3) Google Analytics Is Key

OK, so if you are going to sell your business in the future, the first thing you must do, if not done already, is to enable Google Analytics.  This is the most trusted and reliable way to verify your traffic claims for a prospective buyer. The key metric a buyer wants is unique user visits per month.  And they want to see that having an upward trend.  Not only that, they want to see a good mix of organic (free) traffic and paid traffic.  Being over 50% organic is where you want to be.  After 5 years in business and some smart SEO (Search Engine Optimization), if I do say so myself (Yoast WP Plugin, lots of YouTube demos etc), I was established in my targeted long-tail (niche multiple word phrases) keyword phrases… Actually #1 in the most relevant one.
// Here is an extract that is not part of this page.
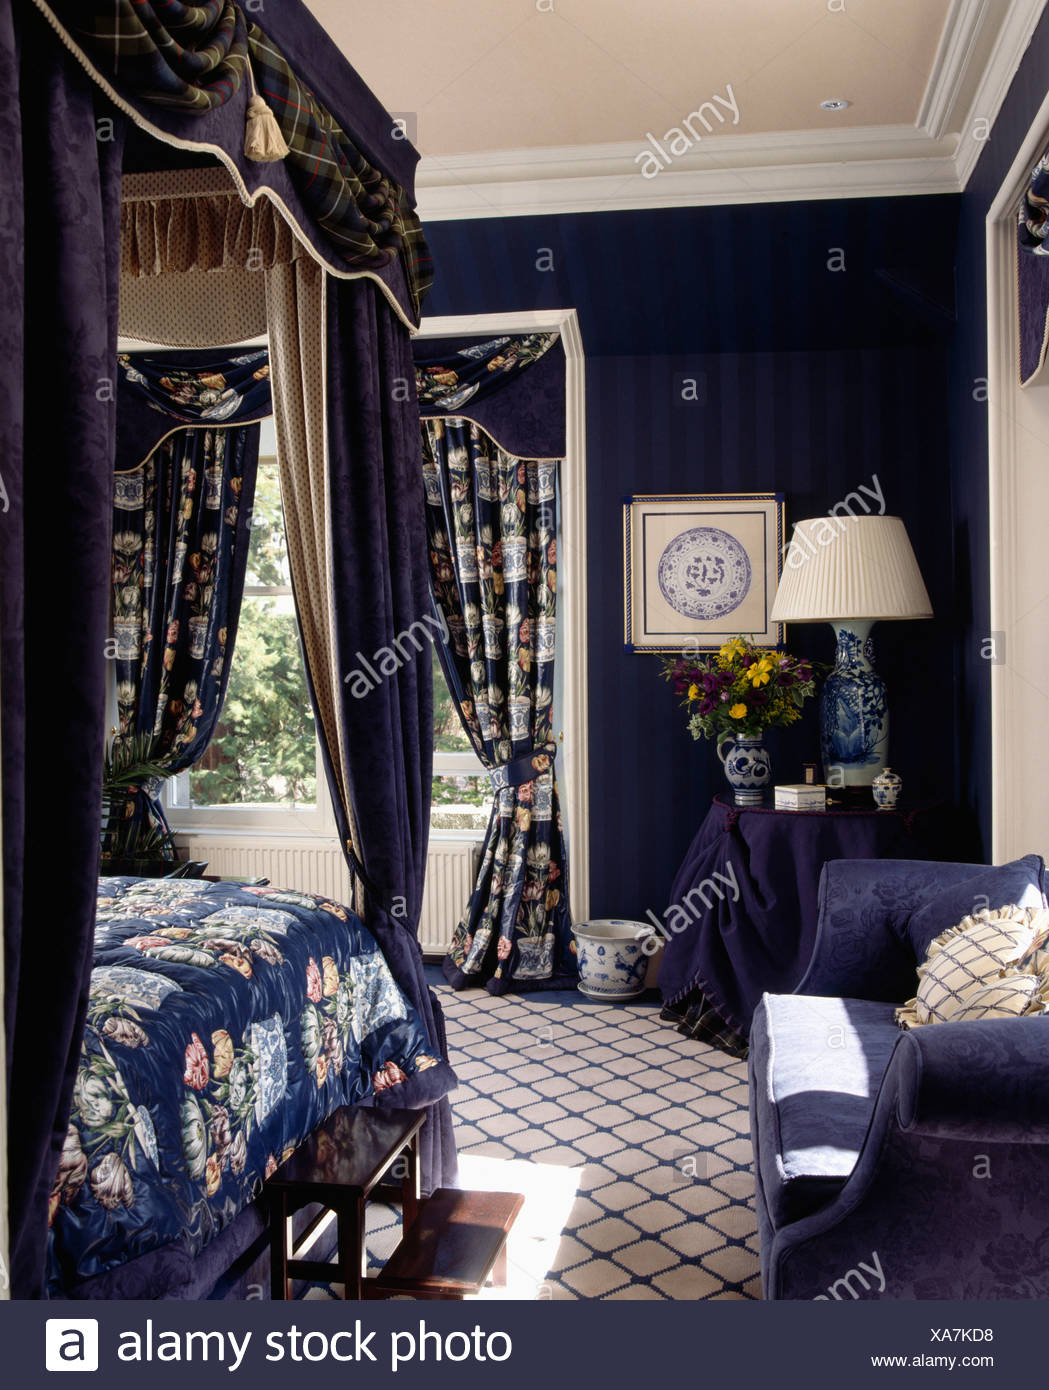 chambre avec moquette motifs et des murs bleu fonc et lit baldaquin avec des draps motifs. Black Bedroom Furniture Sets. Home Design Ideas

Bonus points for me! 🙂 But it took awhile… So, the other great thing about Google Analytics is that you can share your account safely with buyers via a user permissions setting.

4) Net Earnings Do The Talking

OK, time to get down to brass tacks… Net earnings per month is the next key buyer trigger point.  Traffic is great, but how it is being monetized is the real nuts and bolts of a business.  Most software businesses have some revenue, then expenses that include paid ads, contract labour (coders) and then hosting in that order (biggest to smallest).  If you have over 50% organic traffic and can turn off the paid ads, your net earnings can continue at a fairly stable rate… at least until Google scrambles their algorithm again.  If you are using Google Adwords or Facebook Ads (which I’m hoping you are to some extent), then you should also be willing to sell your keywords/ad group information and learnings with the sale.  This will let the buyer hit the ground running and know what ads worked best.  Google Adwords let’s you export all this data easily into a CSV for example.

5) Suggest Other Revenue Streams

New buyers are looking for other ways to monetize your software or website.  It’s always a good idea to have other ideas on how they could create these revenue streams, and what kind of offers or affiliate programs already work well with your business.  My business was WordPress plugins, and often clients were looking for advice on where to host their sites, and also what recommend themes to use, such as Divi Builder, which is super easy to use and the world’s most popular theme right now.  I suggested affiliate programs for both of those, as well as WordPress backup plugins that I know my clients asked me about also.  Your unique users per month data from Google Analytics can mean an affiliate stream of income for extra revenue for your buyers, so it’s a good idea to help them out with suggestions.  Share A Sale is the Granddaddy of affiliate programs that has been around for 17 years and has over 4,000 merchant offers available. You can search their site for ideas.